On top of that, it's an OS system call to map and unmap pages, which means you incur a system-call on every allocation and deallocation, which is much slower than using a user-space allocator.
Someone else already mentioned, but garbage collected languages do actually do this. Because they’re fully in control of memory (the language exposes no raw pointers), they’re able to create the layer of indirection you’ve suggested and move things around as they please. I know at minimum the JVM does this. The term to search for is “heap compaction.”
There’s also the weird and wonderful work of Emery Berger et al with their “Mesh” malloc implementation, which blows my mind: https://youtu.be/XRAP3lBivYM.
If malloc were to return something like an address that holds the address of memory allocated there is nothing preventing the program from reading that address, doing math on it, and storing it somewhere else.

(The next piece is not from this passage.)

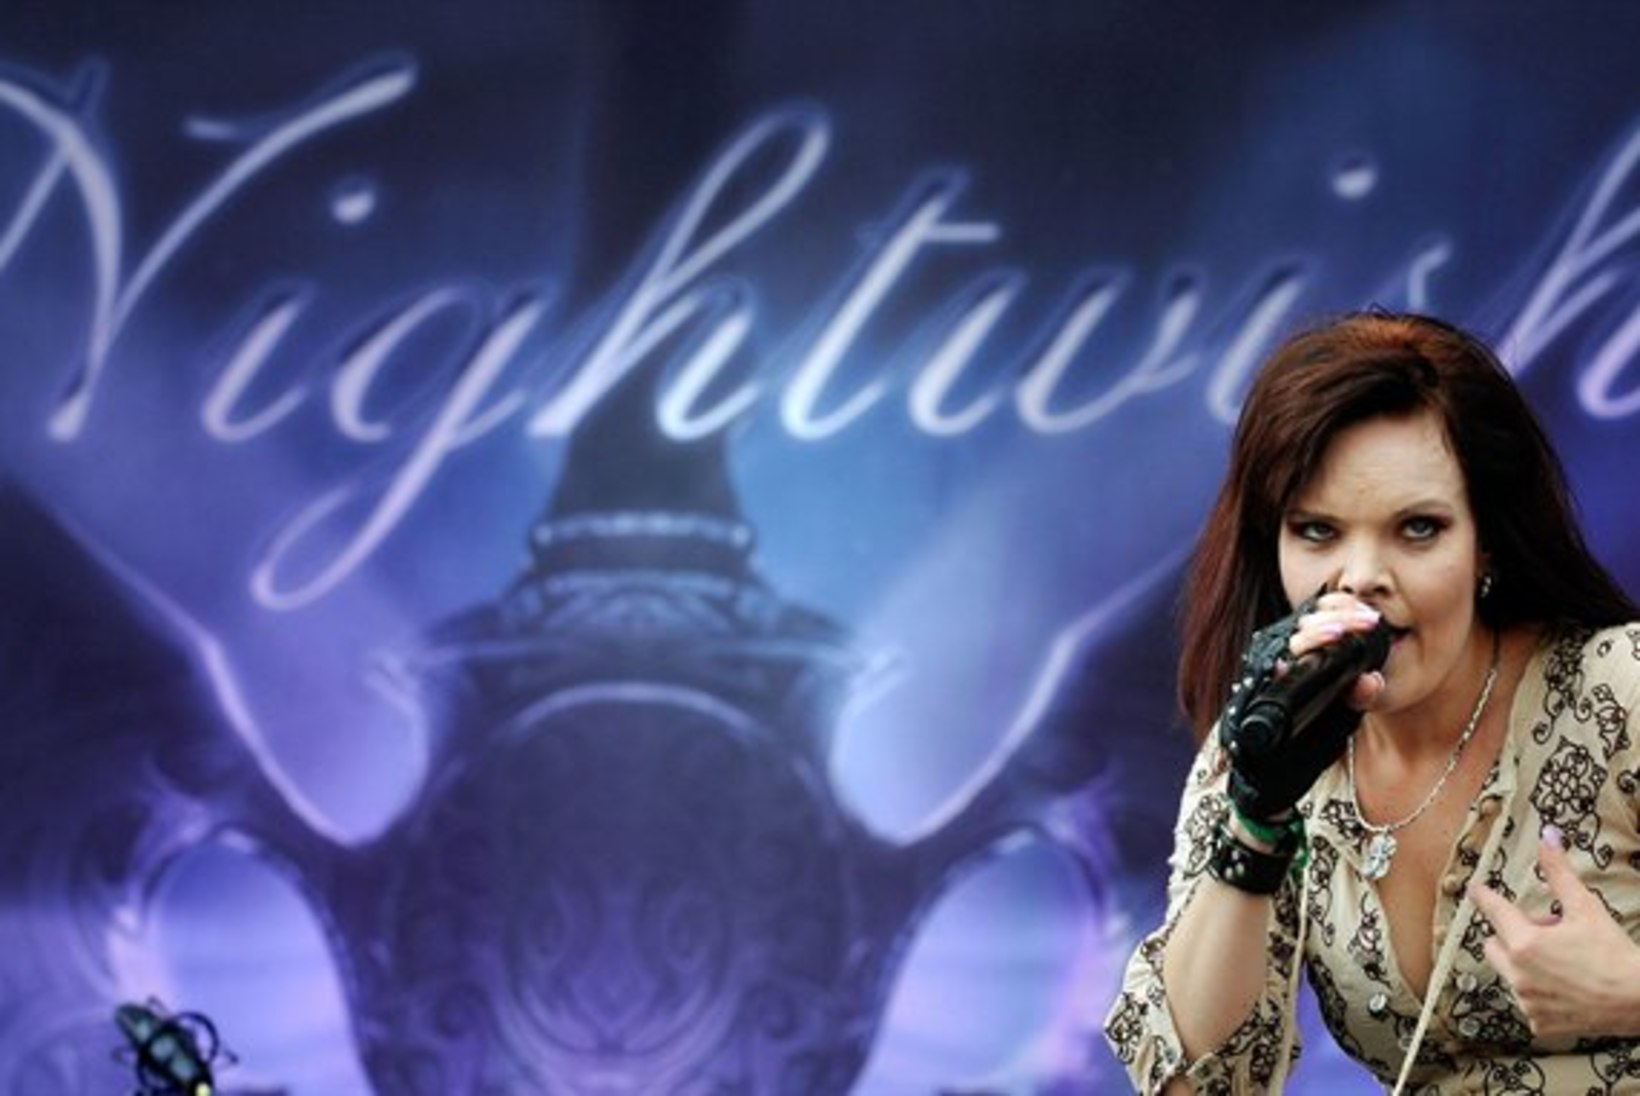 Nightwish vahetas taas lauljat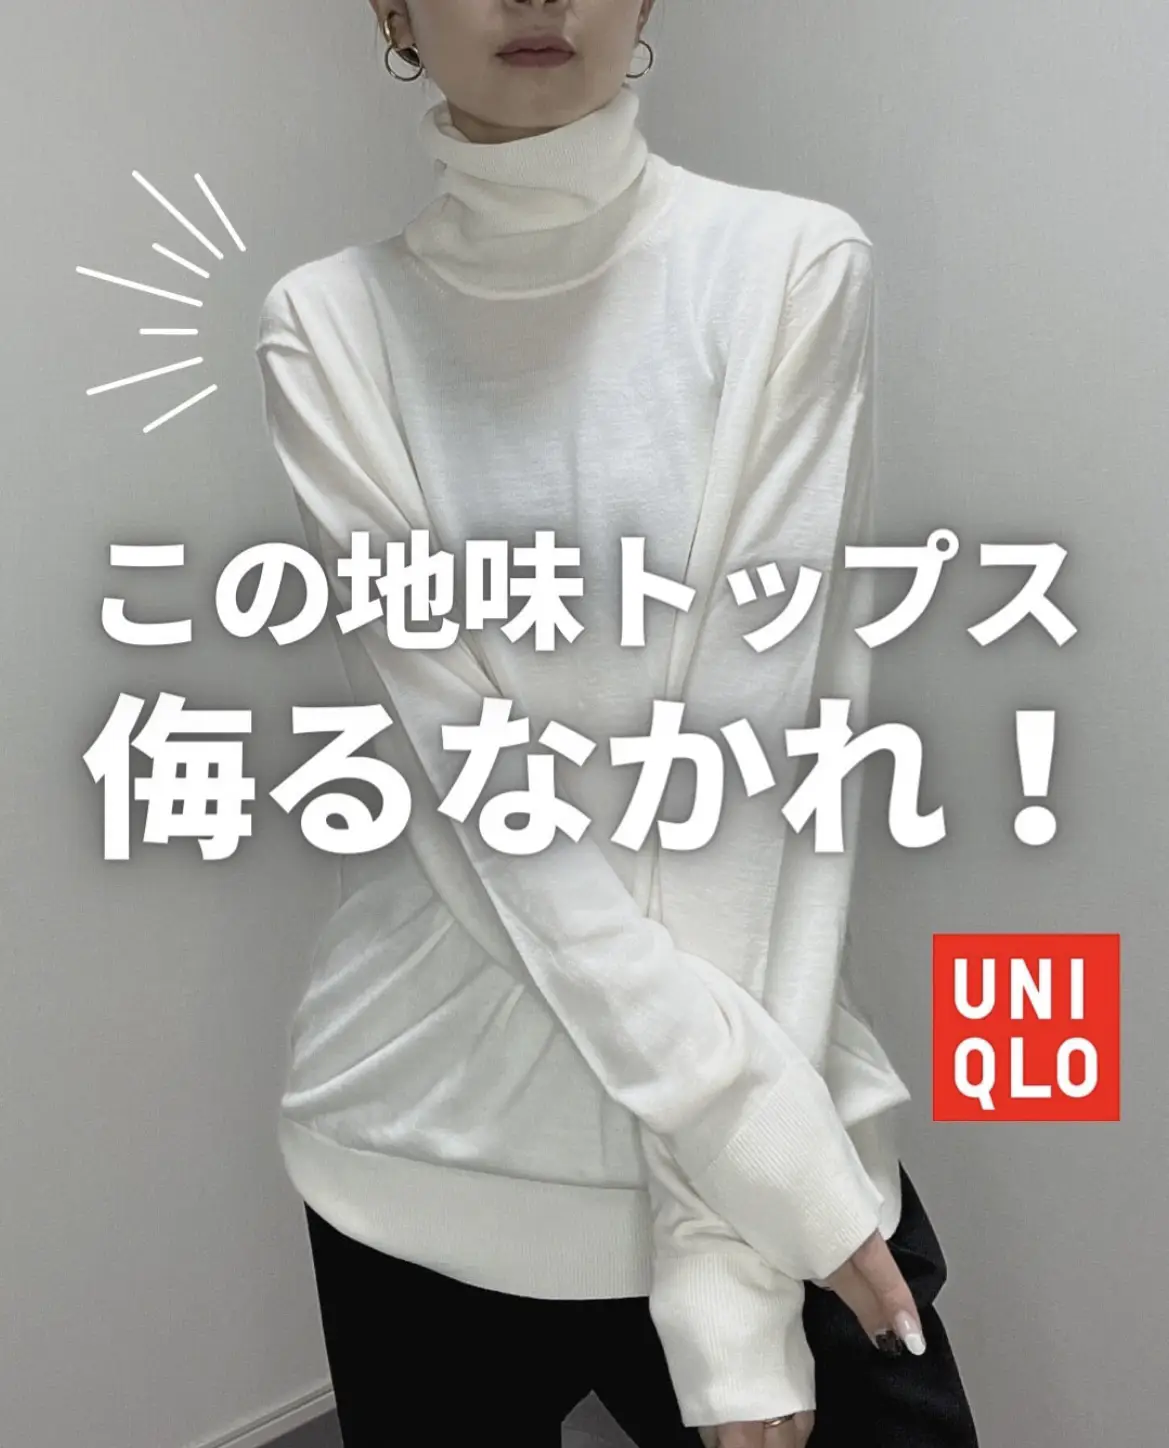 UNIQLO】メンズの隠れ名品👏重ね着に超超使えるタートルネック

I'm glad you like the playground. If you don't mind me asking, what/where/how do you teach? I was actually hoping to get the attention of educators with this tool to see if it would make sense in, e.g., undergrad CS courses.
I've started writing my next post and have learnt a bit more about PixiJS/GSAP3, and think I know a way to do it that would work nicely but would require changing some of the underlying code. I can't promise I'll revisit this soon, but I would like to in future.
malloc/free: 207294429ns
slab: 74795526ns
A 74% reduction in runtime is pretty nice.

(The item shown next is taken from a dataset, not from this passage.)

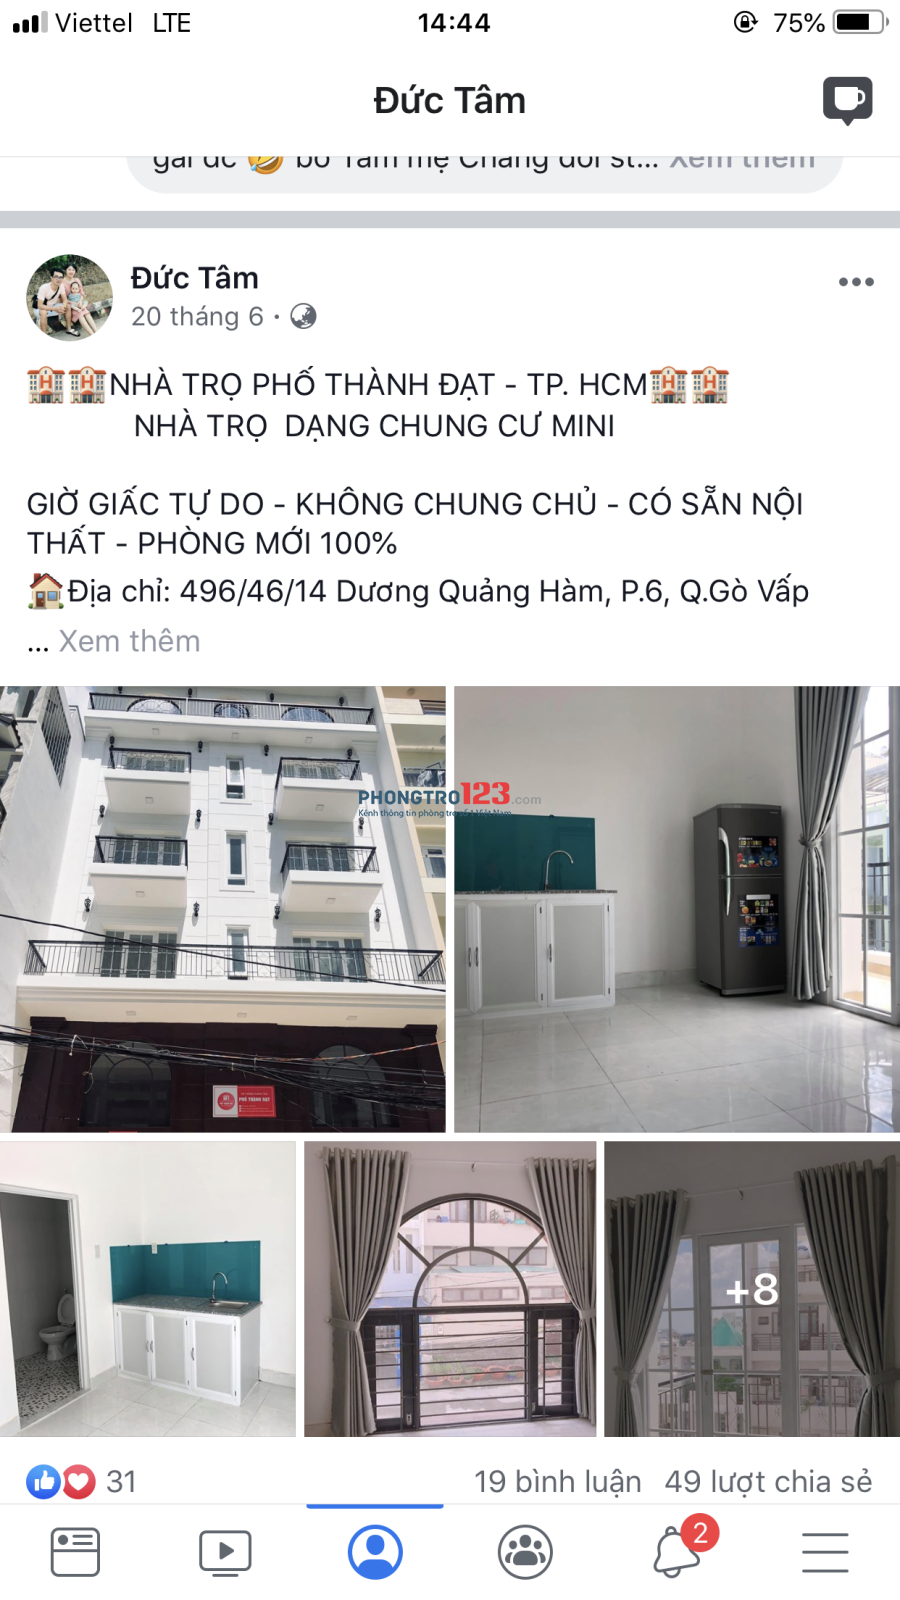 Phòng mặt tiền 50m2, có máy lạnh, tiện kinh doanh nhỏ. 496/46/14 Dương Quảng Hàm

There's something refreshing about firing up a C (or maybe now Zig, in my case) compiler and allocating a gigabyte of memory, and seeing that your process is using exactly 1GB.
How did you measure that? What was fastest? I'd imagine sbrk is faster than mmap, but I haven't checked. If you're on Linux, then doing a virtual memory allocation will not cause the memory to have physical representation. Did you populate the pages through looping? Or did you use MAP_POPULATE?
I saw that madvise was going to get MADV_POPULATE_(READ|WRITE) in the Linux kernel mailing lists back in 2021, but I haven't seen it on the kernels that I use (5.4, 5.15)
It would make the site much more accessible and clear in the event you didn't realize you had to click forward.
While I also hate the overuse of JavaScript, this is exactly how it's meant to be used – adding small bits of interactivity to documents.
Definitely open to ideas.
Most of the research for this post was done by reading papers for various malloc implementations (phkmalloc, dlmalloc, tcmalloc, mimalloc) and reading their source code.
It instills the idea that you should be asking a question at this point. Some information has been provided that should generate more questions in your head, if you're keeping pace.